A map of the test mini-chromosome (pARS1wt/linker) is shown on the left. The distance between ARS1 and URA3 is 2.2 kb. The distance between the PCR fragments is shown between the pairs of arrows. MYC-ADA3 cells harboring this mini-chromosome were cross-linked with formaldehyde and immunoprecipitated with anti-MYC antibodies. The precipitated DNA was quantified by PCR in triplicate. The per cent of signal from each fragment in the anti-MYC immuneprecipitate versus Load (diluted 1∶50) was calculated and plotted in the graph on the right together with the standard deviation in the three PCR reactions. Controls with genomic ACT1 and Ty1b DNAs are shown below the mini-chromosome diagram. A typical outcome of one of two independent experiments is shown.

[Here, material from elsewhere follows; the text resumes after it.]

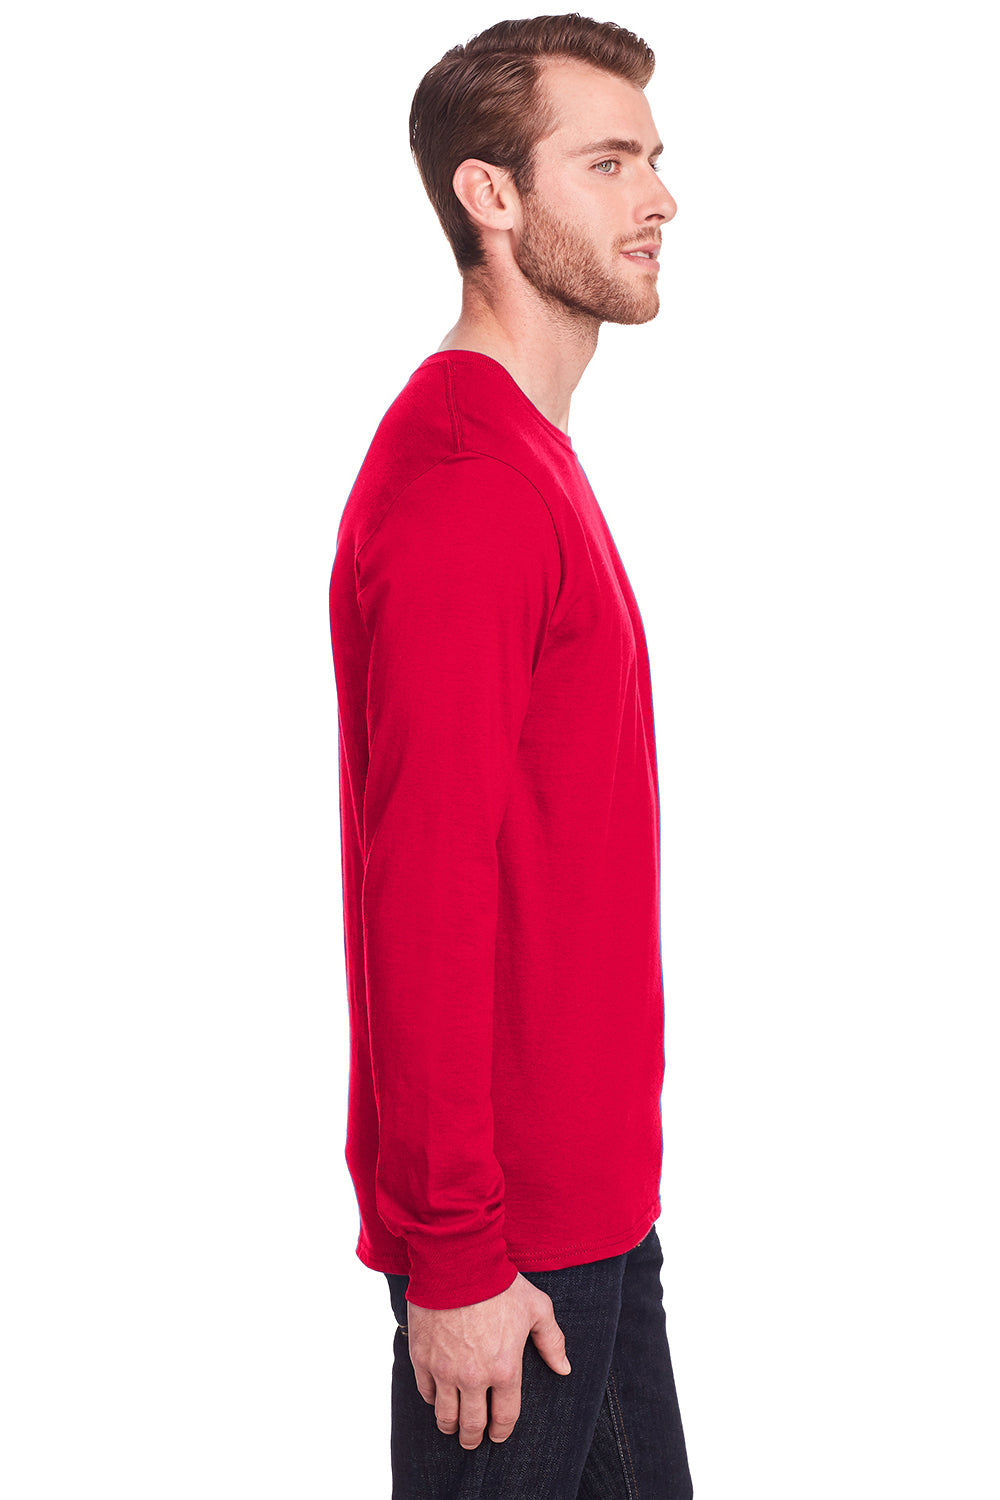 Fruit Of The Loom IC47LSR Mens Iconic Long Sleeve Crewneck T-Shirt Red Side

https://doi.org/10.1371/journal.pone.0008964.g003

In another set of experiments we analyzed the association of Gcn5p with chromosomal origins. We must note that the high gene density in the yeast genome does not provide the comfortable distances between genes and origins that were available on pARSwt/link. Because of this concern we focused on two extensively characterized origins with finely mapped ACS and auxiliary elements, ARS1 and ARS305, in a GCN5-MYC18 strain [36]. The ACS elements of these origins are located more than 500 base pairs (the average resolution of ChIP) away from the nearest promoter. In these assays we compared the signal from the core ACS to the signals from two flanking elements positioned between 200 and 500 bases away from the ACSs (see maps in Fig. 4). The relative amounts of each of the analyzed fragments in the Load, Wash and anti-MYC-Eluate fractions were quantified by PCR (triplicate). The per cent of signal in Eluate versus Load was calculated and plotted next the maps of ARS1 and ARS305 (Fig. 4). In addition, we tested association of Gcn5-MYCp to two control loci: the ACT1 gene and the repressed Tyb1 transposon (Fig. 4).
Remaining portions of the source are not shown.